Page 54: Carnet de voyage Açores
Page 55: Carnet de voyage Açores

La grande cloche en bronze forgé se balance et son tintement annonce le commencement de la messe du dimanche. Une foule de gens se précipite vers les grands escaliers en pierre d’ardoise de l’entrée principale de l’église et nous sommes entraînés par elle. Nous apercevons la modeste église sur la place de la ville. Recouverte de mousse, la croix en pierre est perchée au sommet de l’église. Cette croix, symbole de la croyance chrétienne et de la puissance du ciel, me donne l’impression d’être perdue au milieu d’un vaste océan de foi et d’espoir. Les ornements et les piliers taillés avec minutie sur la pierre ancienne et sombre contrastent avec la façade extérieure de l’église peinte d’un blanc qui reflète la lumière du soleil et qui m’éblouit.

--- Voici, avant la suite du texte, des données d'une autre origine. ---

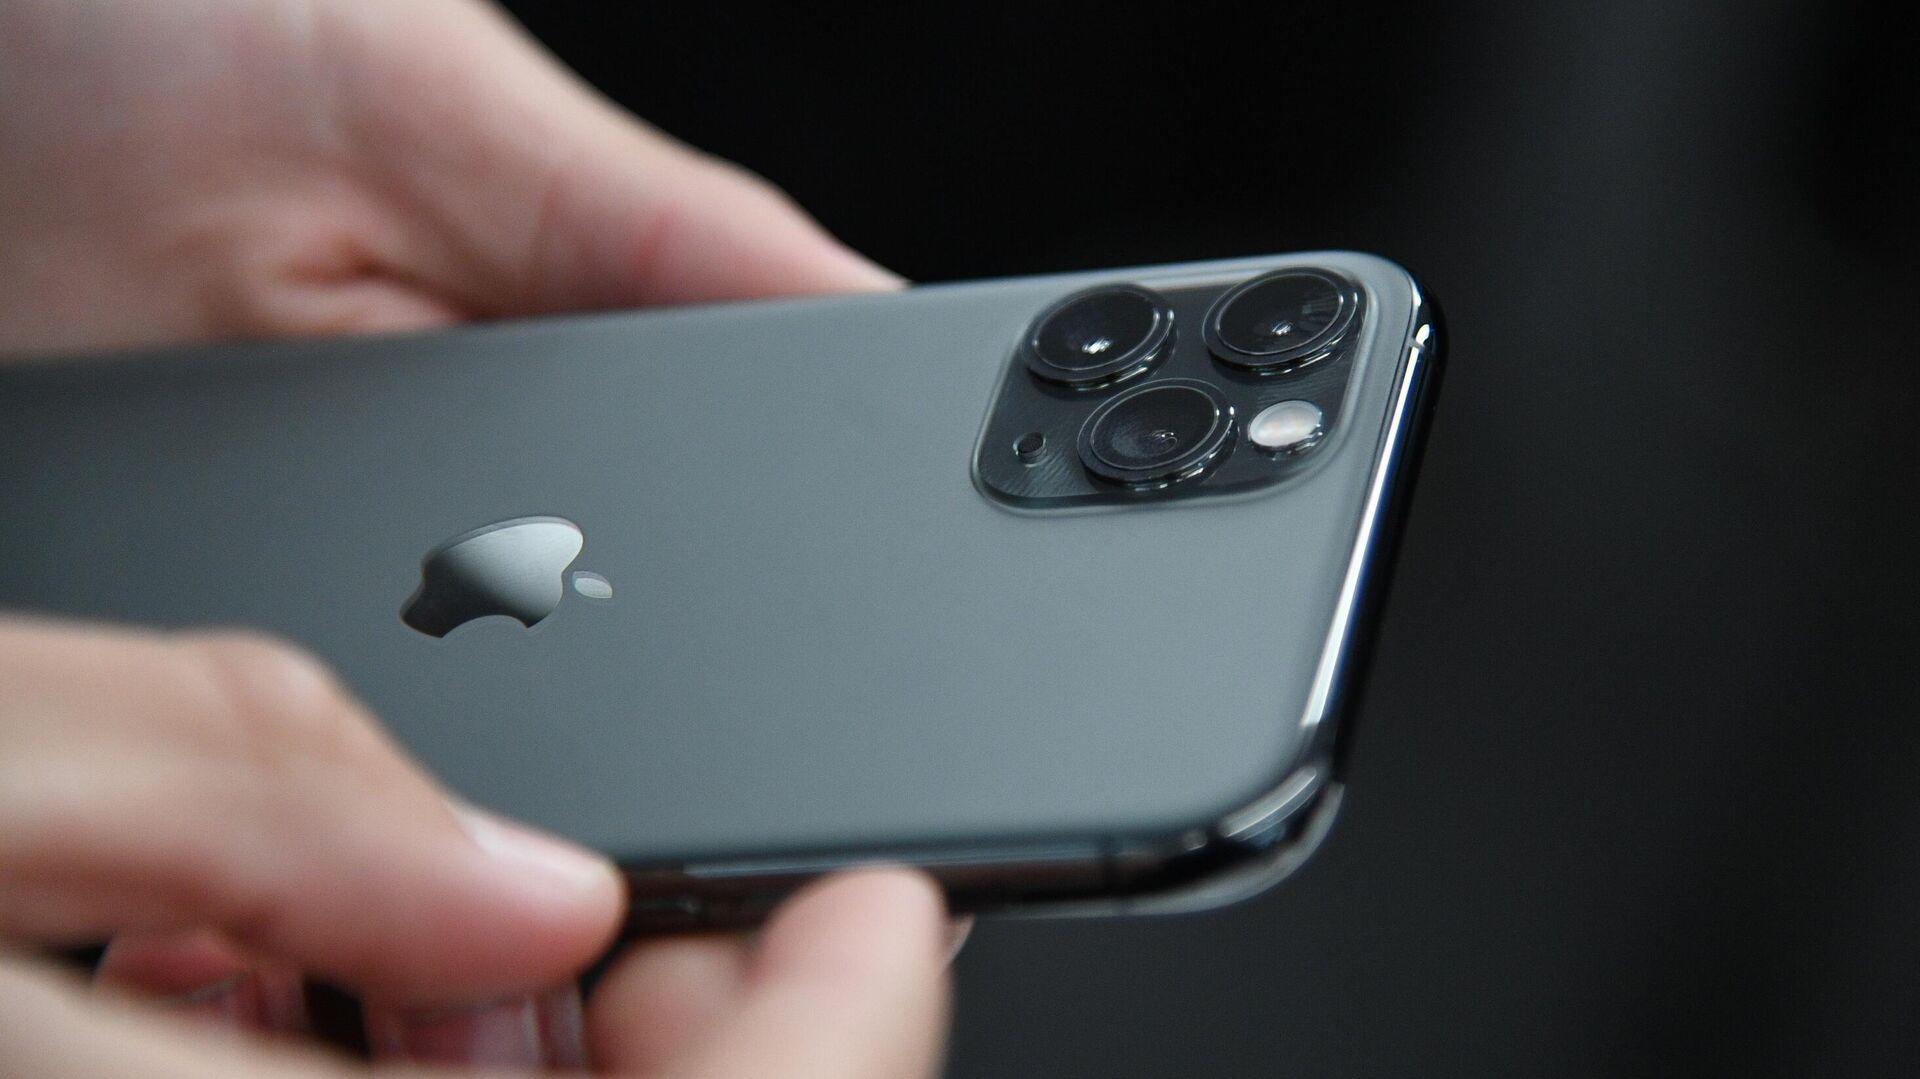 1558878540 0:201:2930:1849 1920x0 80 0 0 9c9f86631b60cbad3af3f928978c9232 - Apple официально объявила, когда покажет iPhone 12

Nous entrons par l’énorme porte en bois. Au contact de nos pieds, les planches en bois du sol de l’église grincent et tous les regards se tournent vers nous. Nous nous asseyons aux derniers rangs. Toute l’église est silencieuse, personne ne parle, tous écoutent attentivement la voix monotone du prêtre.Seule une femme habillée en noir ne l’écoute pas, elle pleure la mort de son mari qui n’était pas revenu de la pêche.

Je lève les yeux et j’observe les fresques peintes au plafond. Les couleurs qui dominent cette peinture détaillée sont le bleu, couleur du ciel et le doré, couleur de la richesse. Au centre, j’aperçois le Christ, entouré d’anges et de fidèles qui représentent les cinq continents. Les vitraux formés par de petites vitres colorées de formes géométriques brillent avec la lumière du soleil et illuminent la pénombre où se trouve l’église de Santa Catarina. Les murs de l’église sont embellis, décorés par de petites statuettes en pierre grise qui illustrent des épisodes de la Bible. Derrière le prêtre, la statue de Jésus, assis sur les genoux de Marie, nous observe.

Le prêtre est habillé avec une tunique d’un blanc simple et clair. Pour contraster avec la simplicité du blanc, la tunique est ornée de fins fils en or qui donnent au prête un air plus solennel. Je l’observe attentivement, son visage transmet du calme mais en même temps de la sympathie. Il me rappelle mon grand-père, ses yeux bleus, ses cheveux gris. Des souvenirs d’enfance me reviennent à l’esprit. Les promenades au bord de la mer, les paroles qu’il disait avec un air si sérieux mais qui me faisaient toujours rire. Tous ces moments m’envahissent et je ne me sens plus une étrangère, je me sens chez moi, au chaud, réconfortée.

J’entends de la musique ; deux jeunes filles chantent accompagnées par des accords de guitare joués par un autre garçon. C’est la musique des adieux, la messe est finie, les gens s’embrassent et partent chez eux. Je reste, je ne veux pas quitter cette ambiance. Mes compagnons m’appellent, je ne les écoute pas. Pendant un long moment, je reste immobile et assise. Puis, je me lève et je sors de l’église. La lumière du soleil m’éblouit.